Le rapport épistémologique, à présent: quand je regarde une œuvre émergente, je me demande d’abord si elle a déjà existé, si c’est une réplique, un clone, une copie, du «revisited» ou bien une œuvre inédite. Une évaluation aujourd’hui difficile, convenons-en: nous sommes à l’heure du sampling, du piratage, du copyleft, de l’appropriation généralisée, sur fond de culture techno et de cyberculture. Il faut donc pousser plus loin. Après l’appréciation de la valeur historique de l’œuvre, je tente d’apprécier sa valeur intentionnelle. Quelle est l’intention de l’artiste? Est-il parvenu à ses fins?

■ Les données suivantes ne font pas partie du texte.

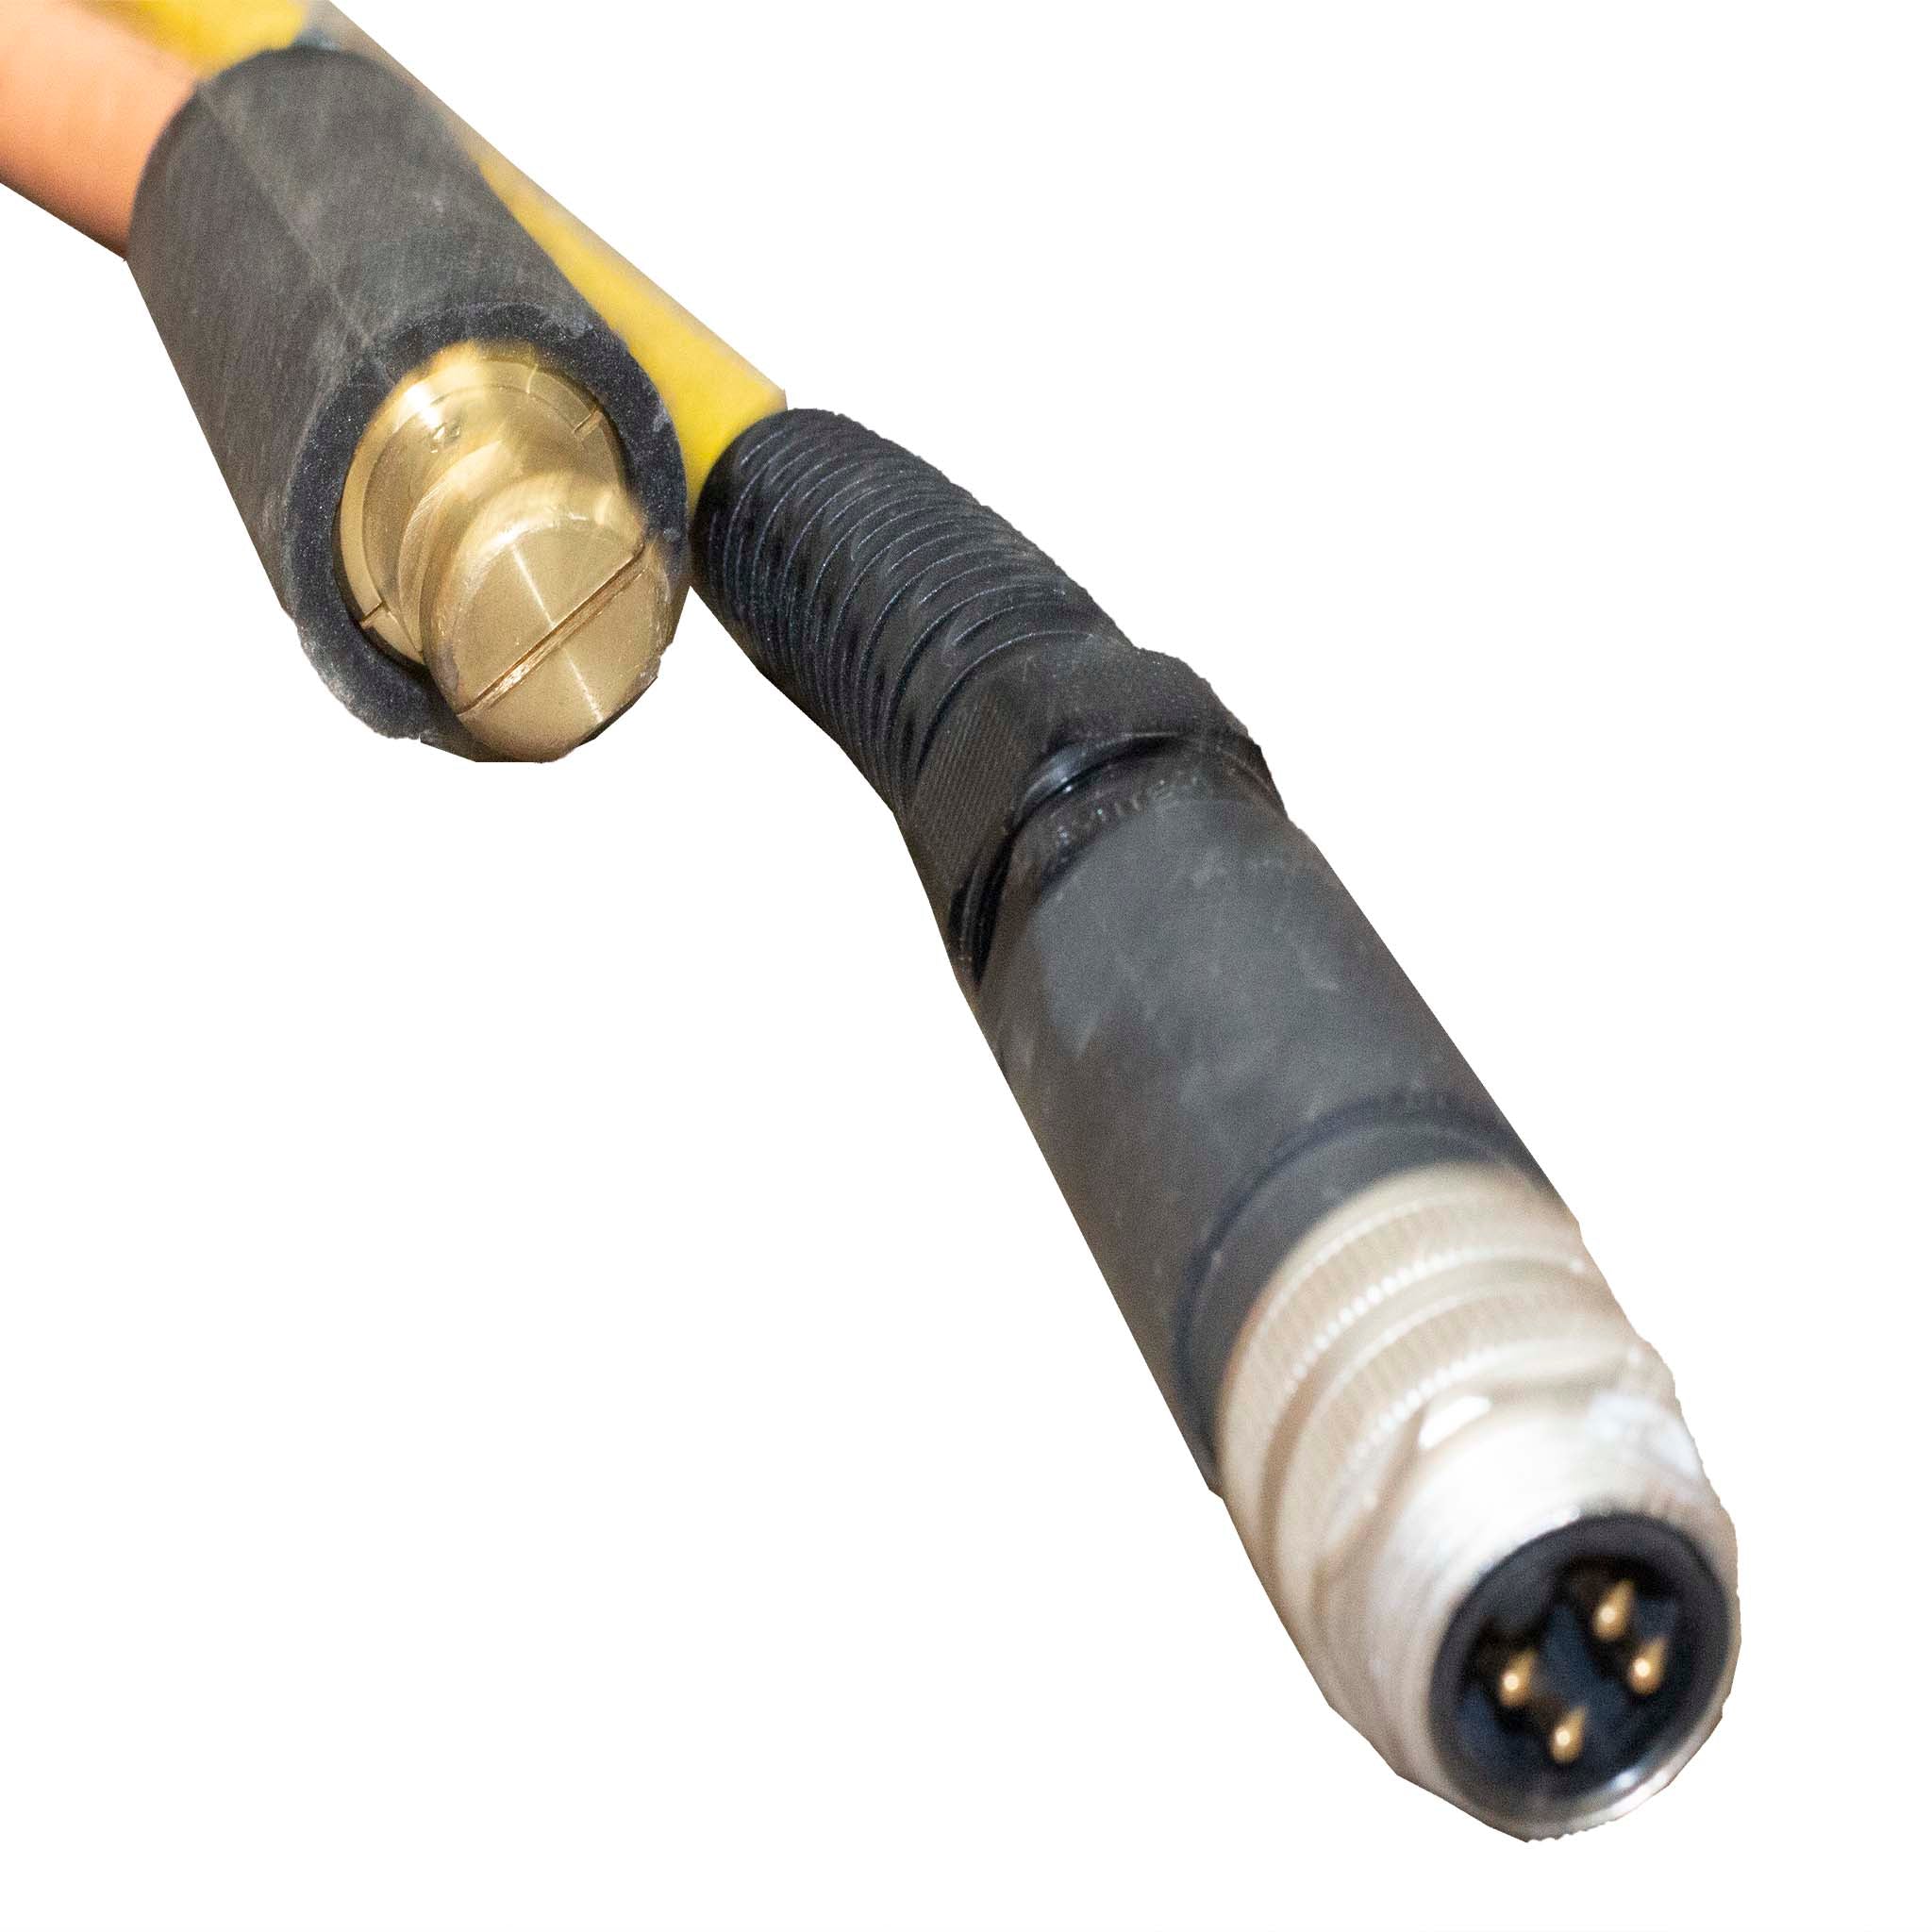 Barrel Jack Extension Cable - M-F (6 ft) - COM-11707 - SparkFun Electronics

Je réfléchis à la réceptivité de cette œuvre et à la valeur de sa réceptivité. L’œuvre est-elle facile à assimiler? Sa facilité d’assimilation ne renvoie-t-elle pas au consensus, au lieu commun, au kitsch, au pittoresque? Au contraire, est-ce une manière d’infuser le champ social? Une œuvre contextuelle — l’art de rue, les artistes qui créent des entreprises, etc — a pour but la réception maximale et immédiate. Un «Wani», pas du tout. Il faut aussi s’interroger sur ce que vise l’œuvre.
Je travaille en somme à partir d’un faisceau de données qui ne permet certes pas d’établir la vérité de l’œuvre considérée mais qui permet du moins de cerner ses mobiles. C’est très méthodologique. A partir de là, je forme enfin mon idée quant au niveau d’excellence de l’œuvre, qui peut être fort, moyen, faible, inexistant. Une chose est sûre: je préfèrerai toujours Bacon à des artistes qui font du Bacon.
Là où le critique d’art n’a qu’à choisir, l’historien de l’art, lui, doit présenter et indexer ce qui est. Je tiens à bien distinguer les deux pratiques. Chacune a ses obligations morales. Le critique d’art doit mettre en avant le fait que certaines œuvres sont plus intéressantes que d’autres, pour telle et telle raison qu’il doit justifier. Il prend position devant l’histoire. L’historien de l’art n’a pas à en passer par là. Son devoir éthique à lui, c’est d’établir la primauté de l’œuvre et de ses enjeux. Ce qui n’est jamais facile, il faut bien le reconnaître. Compiler n’est pas penser, comme l’on sait.